Hours went by. By now, his friends had pretty much given up trying to get Jesus to leave. They were sitting around, looking a bit bored and exasperated with him. You could tell that they knew better than to try to control him. And you could also tell that Jesus was having a great time.

Our city’s leaders were in the crowd. Can you imagine? Based on my invitation, our city’s leaders had come out of town all the way to the well, the well where the women of the city normally came to draw water! My invitation!

They invited Jesus to stay. He said yes, thanks for the invitation, he would stay. At this, his friends really rolled their eyes and you could tell, simply gave up in trying to get Jesus to leave. They would all stay. For how long was anybody’s guess.

What does it all mean? It started out as an ordinary day. But it became the most extraordinary day of my life. One in which the shame of my past melted away. One in which I felt useful in a way I’d never before felt. And one in a way that I felt burned, not by guilt, but by the fire of a great love.

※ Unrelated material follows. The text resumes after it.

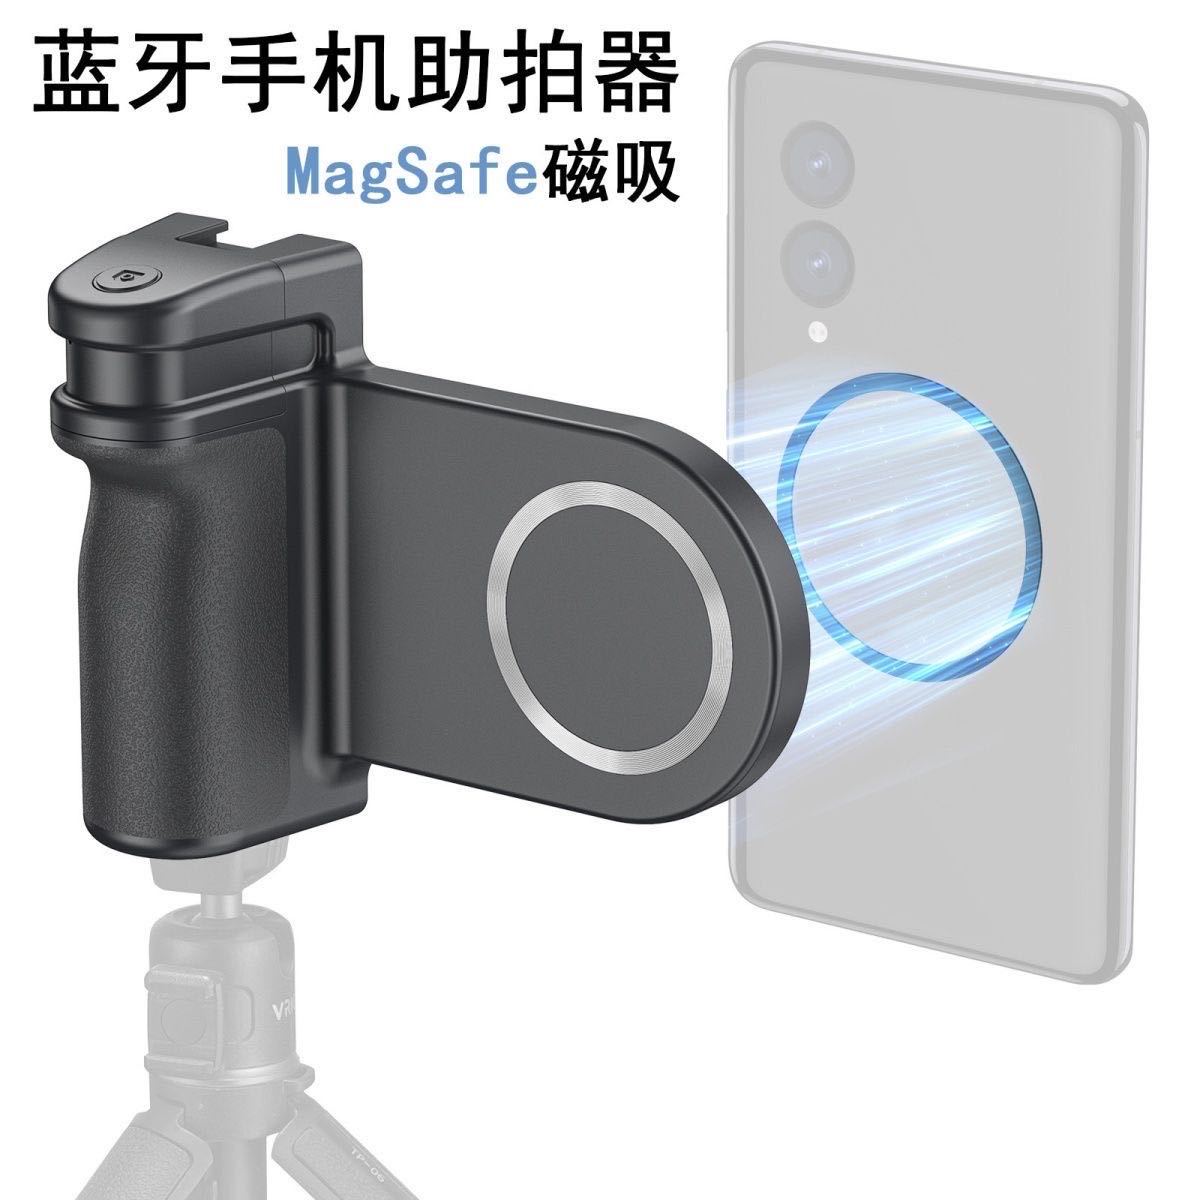 magsafe磁吸手机支架自拍器 无线蓝牙相机手柄支架手机防抖助拍器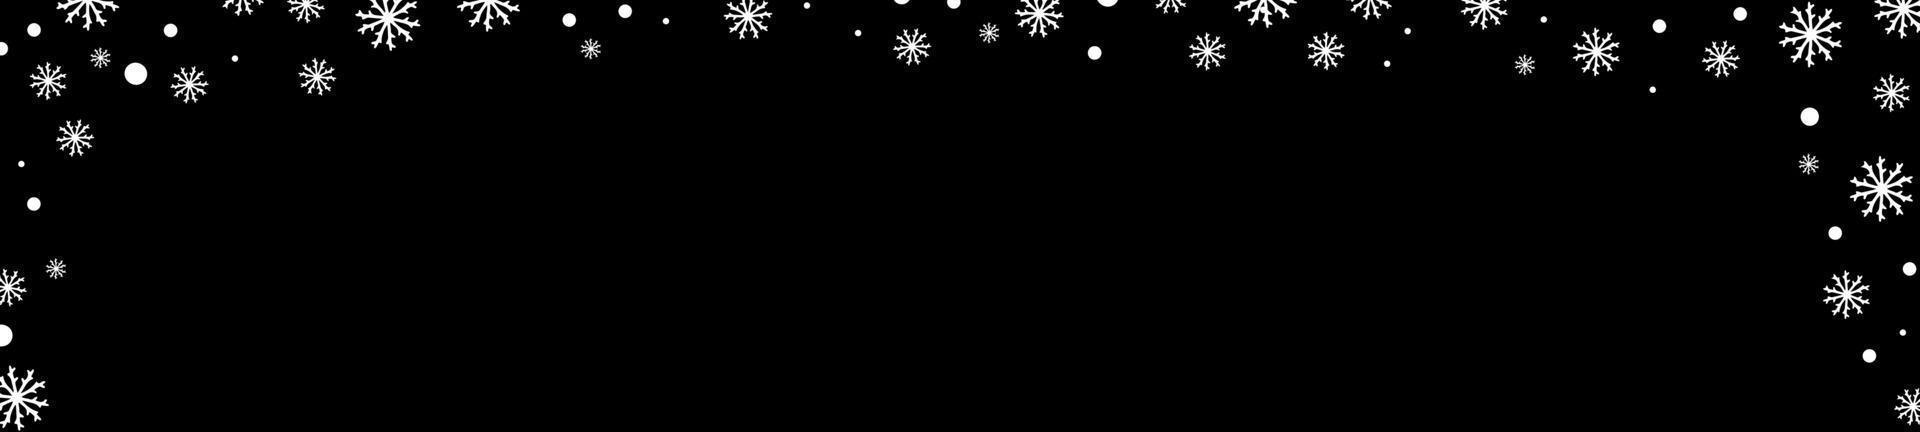 schwarze Winterhintergrundfahne mit weißen Schneeflocken vektor

Was all of this an accident? A random event? What does it all mean? Why me? If Jesus had wanted a spokesperson in Sychar, why not choose one of our leaders? Why choose the least respected person in town? Why me? And most of all, why did anyone listen to me, the greatest of sinners in town? Why did they all come out to see this man, Jesus?

Answering all of these questions may take years. If it does, that’s all right with me. I don’t want to rush anything as this was an experience to savor, not dissect. Honestly, it was almost as if a new language had been invented. Words can be spoken in Aramaic, or in Greek. But engaging with this man, Jesus, was beyond words in any language. It was as if heart spoke to heart, no words required.

I know that doesn’t make any sense. It’s a feeling of being touched, deeply. Of connecting at a level beyond words, beyond conscious thoughts, in a new language, the language of love. A language, as he said, of “spirit and of truth.”

And you know what? I’ll never look at water in the same way, ever again!